Start of SUPPLIED INFORMATION

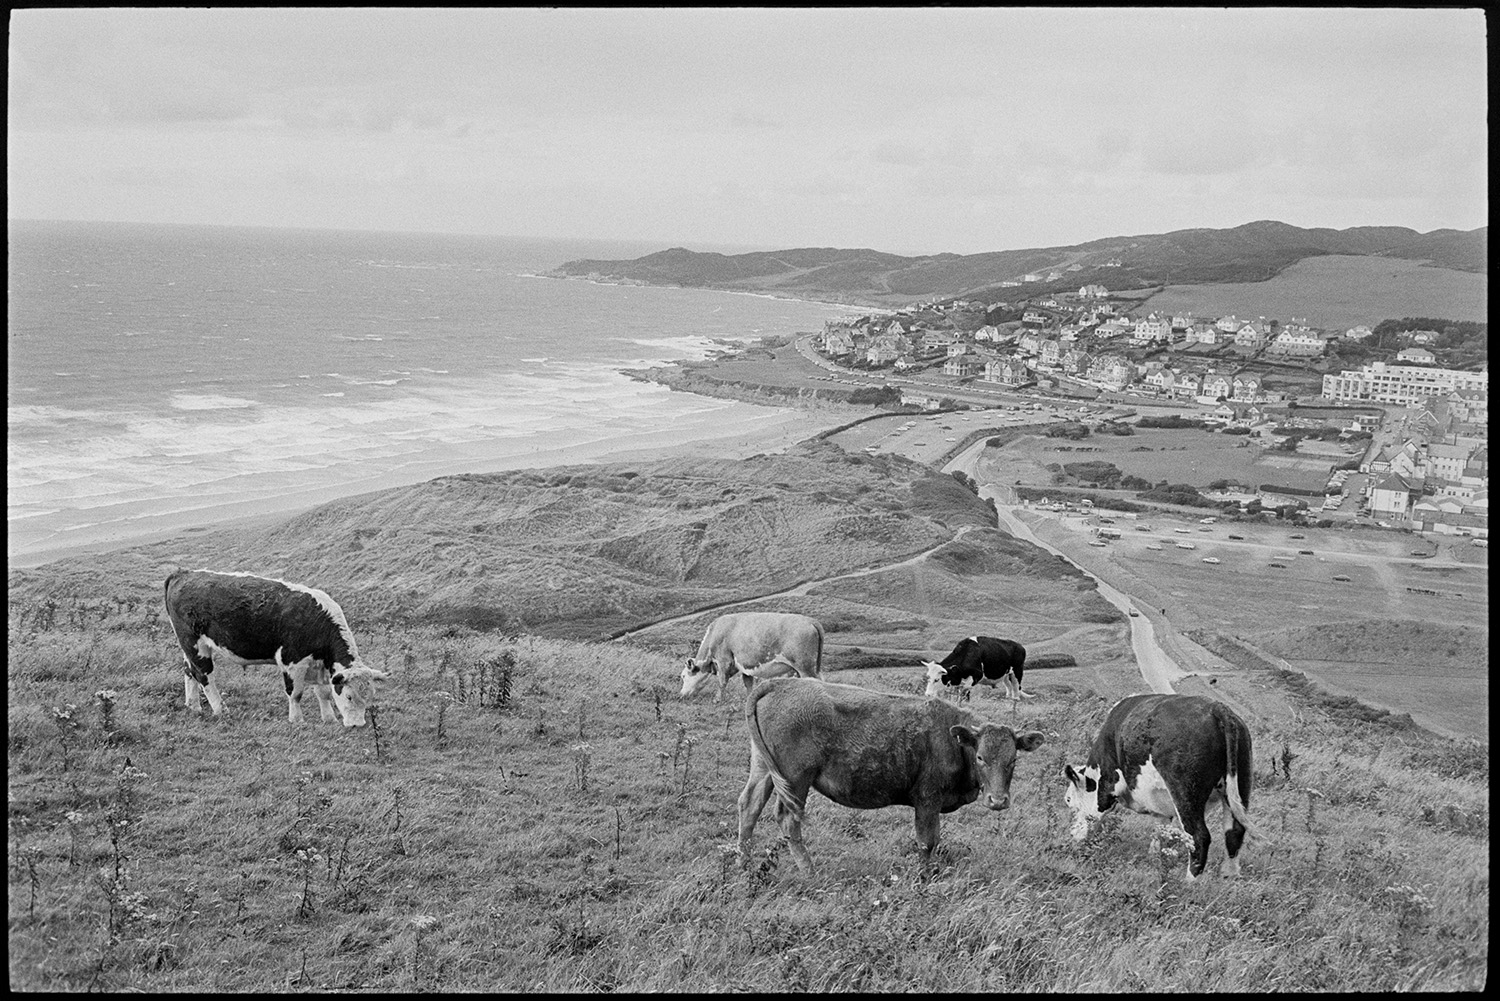 Bullocks grazing above seascape.
[Bullocks grazing in a meadow overlooking Woolacombe beach and sand dunes. Woolacombe town and the sea are visible in the background.]
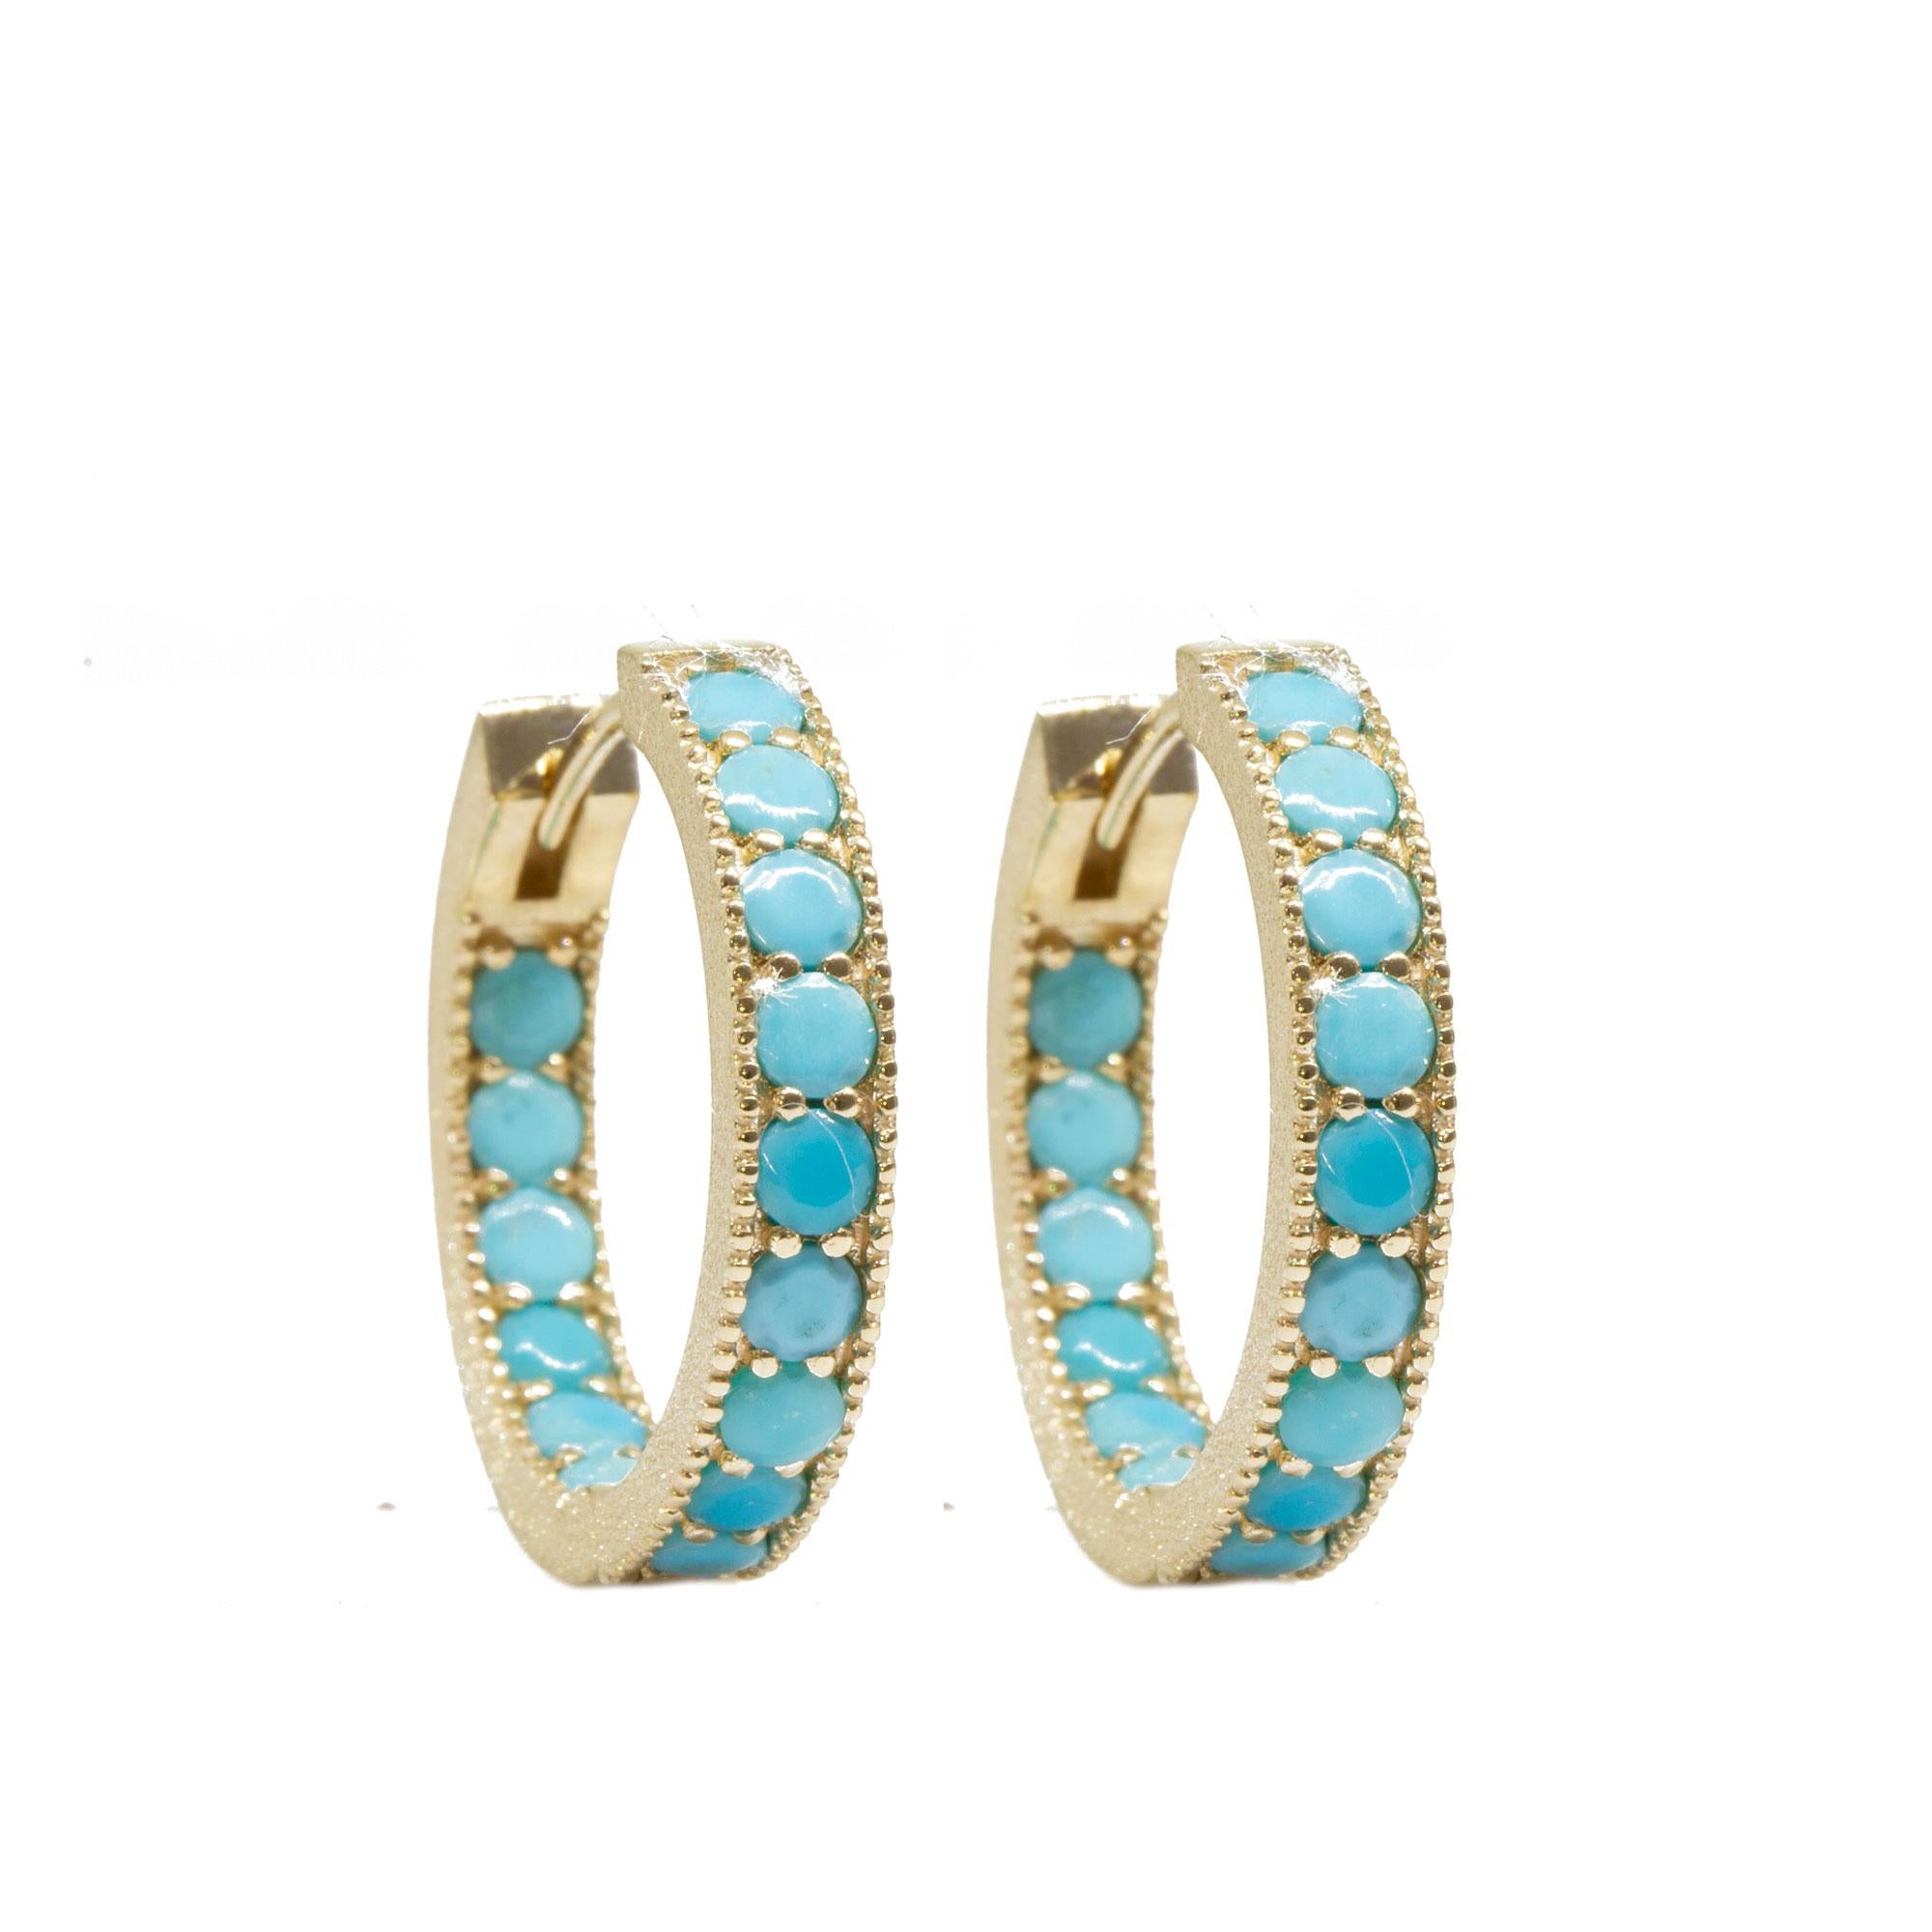 Contemporary Mia Medium Turquoise Charms and Intricate 18 Karat Gold Hoop Earrings For Sale

End of SUPPLIED INFORMATION

(YOUR GOAL): After removing the pictures, transcribe the listing above exactly.

(SOLUTION FOR THIS EXERCISE):
 Bullocks grazing above seascape.
[Bullocks grazing in a meadow overlooking Woolacombe beach and sand dunes. Woolacombe town and the sea are visible in the background.]
 Contemporary Mia Medium Turquoise Charms and Intricate 18 Karat Gold Hoop Earrings For Sale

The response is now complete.